Thank you mathwonk for you quick reply!
In the past weeks I've read many textbooks suggestions from you.

Also for this reason I've bought Hoffman and Kunze textbook and now I'm about to buy Spivak's.

Can I ask you a further suggestion about what to (self)study after Spivak?

I'm an undergraduate student in Aerospace Engineering and I'm focusing on having very solid mathematical basis, with proofs and rigorous demonstrations.
For this reason I dislike many of the most recent math textbooks.
 


there are several good several variable calc books, including spivak's calculus on manifolds, one of the best but very condensed.

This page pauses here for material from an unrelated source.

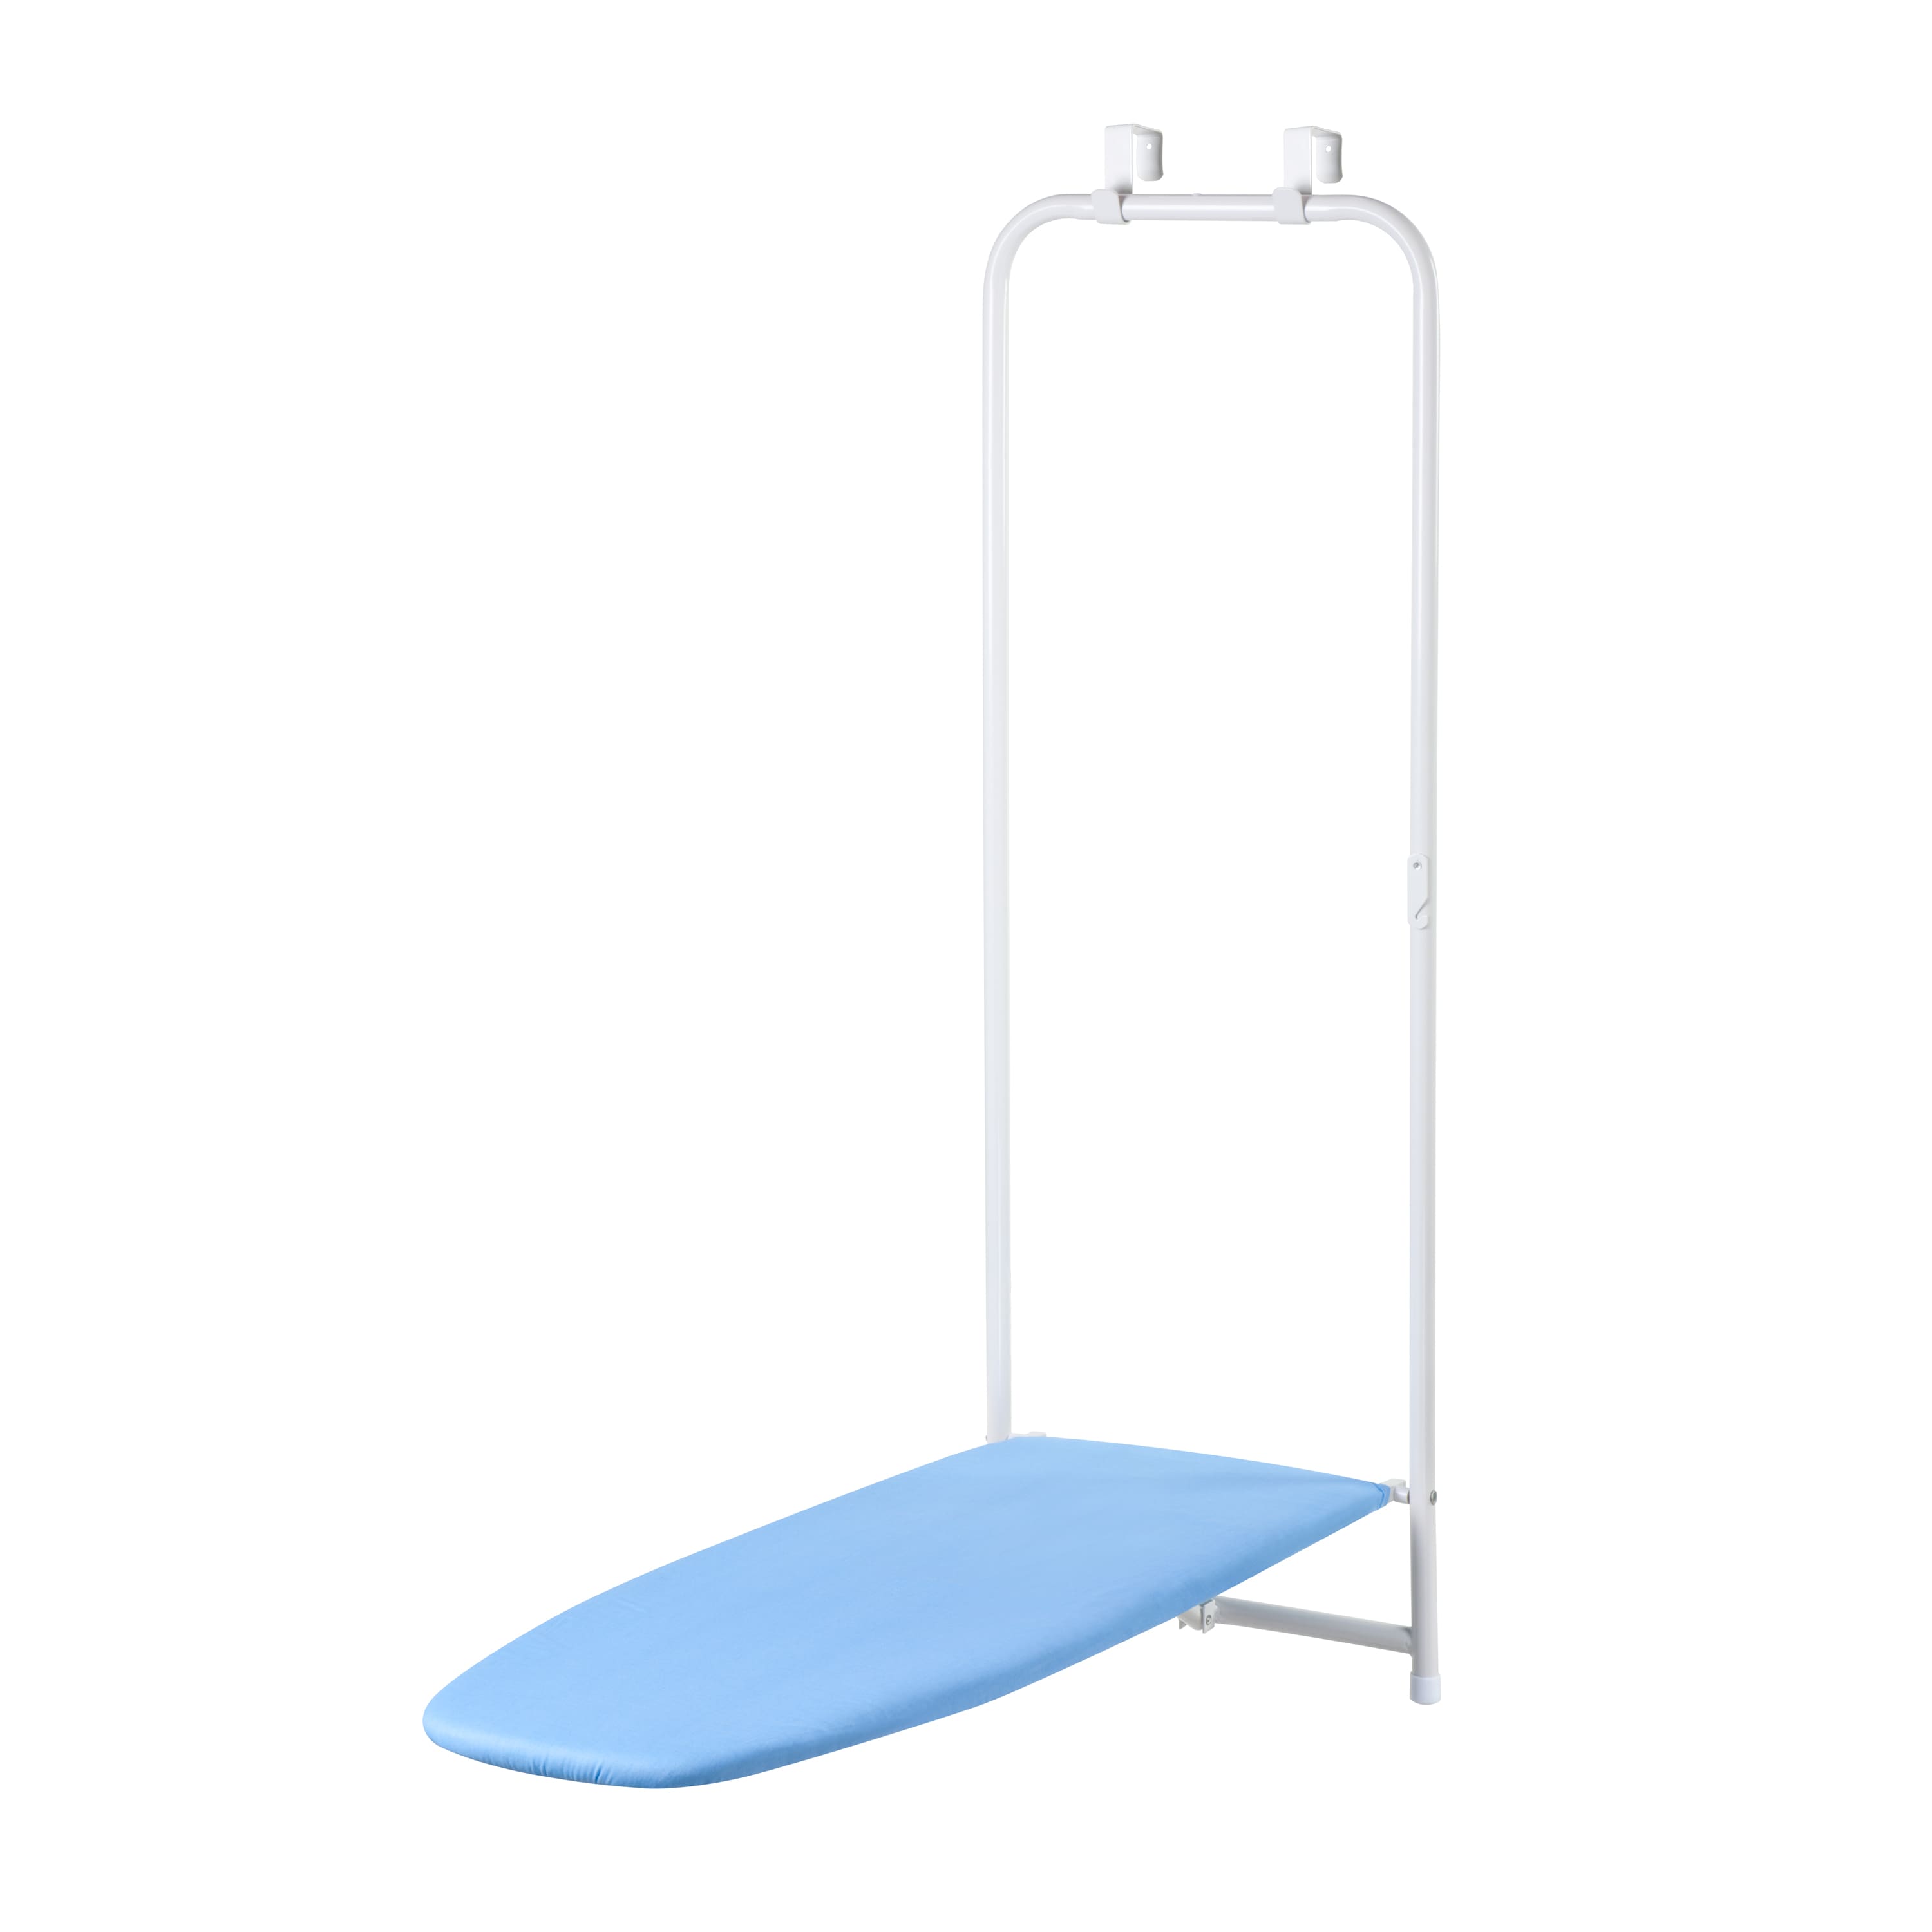 Honey Can Do Over-the-Door Hanging Ironing Board

Another is volume 2 of courant (old fashioned but excellent), another is calculus of several variables by wendell fleming, another is (only if you handle spivak well) dieudone's foundations of modern analysis. to be honest this last book is a bit over the top in terms of abstractness, so you should supplement it with another source.
 


Munkres Analysis on Manifolds is another very ood book for several variable calculus. It coverage is similar to Spivaks calculus on manifolds but is over twice as long (this could be good or bad depending on your perspective).
 


I know for sure the third edition added a chapter or 2 (I know it added the one on planetary motion) and fixed some errors. There's still a few errors that probably got ironed out before the 4th edition, but nothing that shouldn't be too obvious if you reread it after the initial confusion, like a an x where there should be a y or something small like that (except for one, I can't remember what it was, though. Drove me crazy).

edit:
search google, there's a list of the errors in the 3rd edition somewhere I remember coming across.